Since the process in which these correlations become better or worse is random due to recombination, the errors that are introduced should also be random with regards to the direction of effect of some allele (an allele is one of the versions that may be found at some locus in the genome, say T vs. T, or ATA vs. ATT). Thus, whether a given allele has a positive or negative effect on some phenotype shouldn’t be related to how well the proxy works across populations. For the polygenic scores to become biased with regards to the means then, the differences in LD between populations have to be somehow correlated with the direction of the alleles for the purposes of some group comparison.
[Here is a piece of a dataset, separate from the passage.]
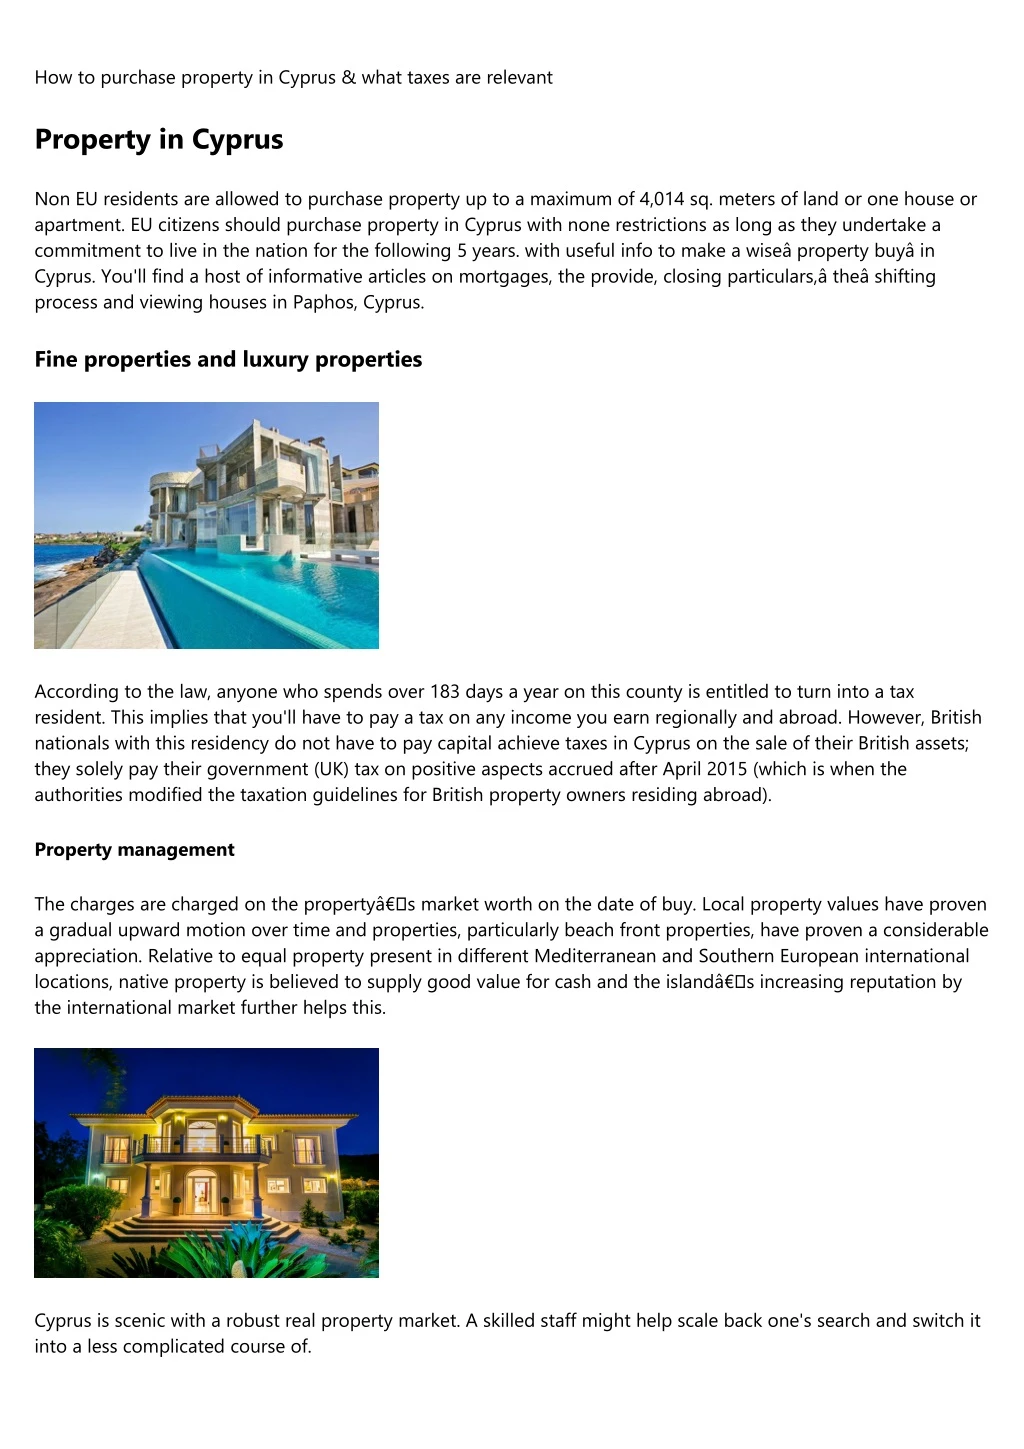 how to purchase property in cyprus what taxes

There is no plausible way this can happen as far as I know. Davide Piffer (2021) developed a method to check for this possibility. The idea is simple enough. For each genetic variant in a genetic model (in the GWAS), check how strongly it is correlated with other nearby variants in Europeans, and then check the same thing in the other group. This gives you two correlation matrices, which you can then compare for similarity. To the extent that they deviate from identity, the variant’s proxying ability for the causal variant(s) will differ. Thus, for each variant in the genetic model (there might be a few hundred or few thousand), one computes this LD-decay score, and then relates this to the directional frequency gaps between the populations (the effect of focus allele multiplied by the group group in its frequency). Any correlation between LD-decay and the direction of effects suggests that LD-decay is biasing the comparison of the group means. Here’s the results for the African and European data from 1000 genomes for the education genetic predictor:

There is no association. In other words, whether a given genetic variant favors Europeans for education (i.e. predicts a higher value for Europeans because the variant is more common in Europeans with a positive allele, or less common with a negative allele), is not related to whether the variant’s proxying ability works the same way (r = 0.015, p = 0.45). Strangely, in some other comparisons, there were correlations of the kind:

Dealing with this LD-decay bias can then be done by predicting what the gap would be at a correlation of 1.00 between the LD patterns i.e., end of the blue line. In this case, it appears that the genetic model favors Europeans for some unknown reason with regards to the LD-decay, whereas the above plot with education didn’t show any bias. Davide is currently working on a large-scale application of this method to various group differences in polygenic scores to see the degree to which they show this kind of bias. In the above versions of the plots, the frequency differences were not weighted by the allele betas unfortunately. But in the upcoming studies, they are. Using this approach, one can compute an LD-decay bias corrected score, to avoid this potential bias in studies. In fact, in the EA4 (latest public genomic model for education), the Europeans are now higher than East Asians, which runs counter to the phenotypic data. Using the correction method reverses this bias. The question is how this biased was introduced in the first place? Some kind of uncorrected ancestry confounding in the training data? Problems with microarrays (ascertainment bias)? Something else? I don’t know.

Take-away

  • Polygenic scores usually differ in predictive validity (correlation) between races/populations.
  • This does not itself mean that group comparisons are invalid.
  • There are methods being developed for dealing with at least some of the biases, when they arise.
  • Overall averages from polygenic scores are still in line with phenotypic gaps and hereditarian expectations.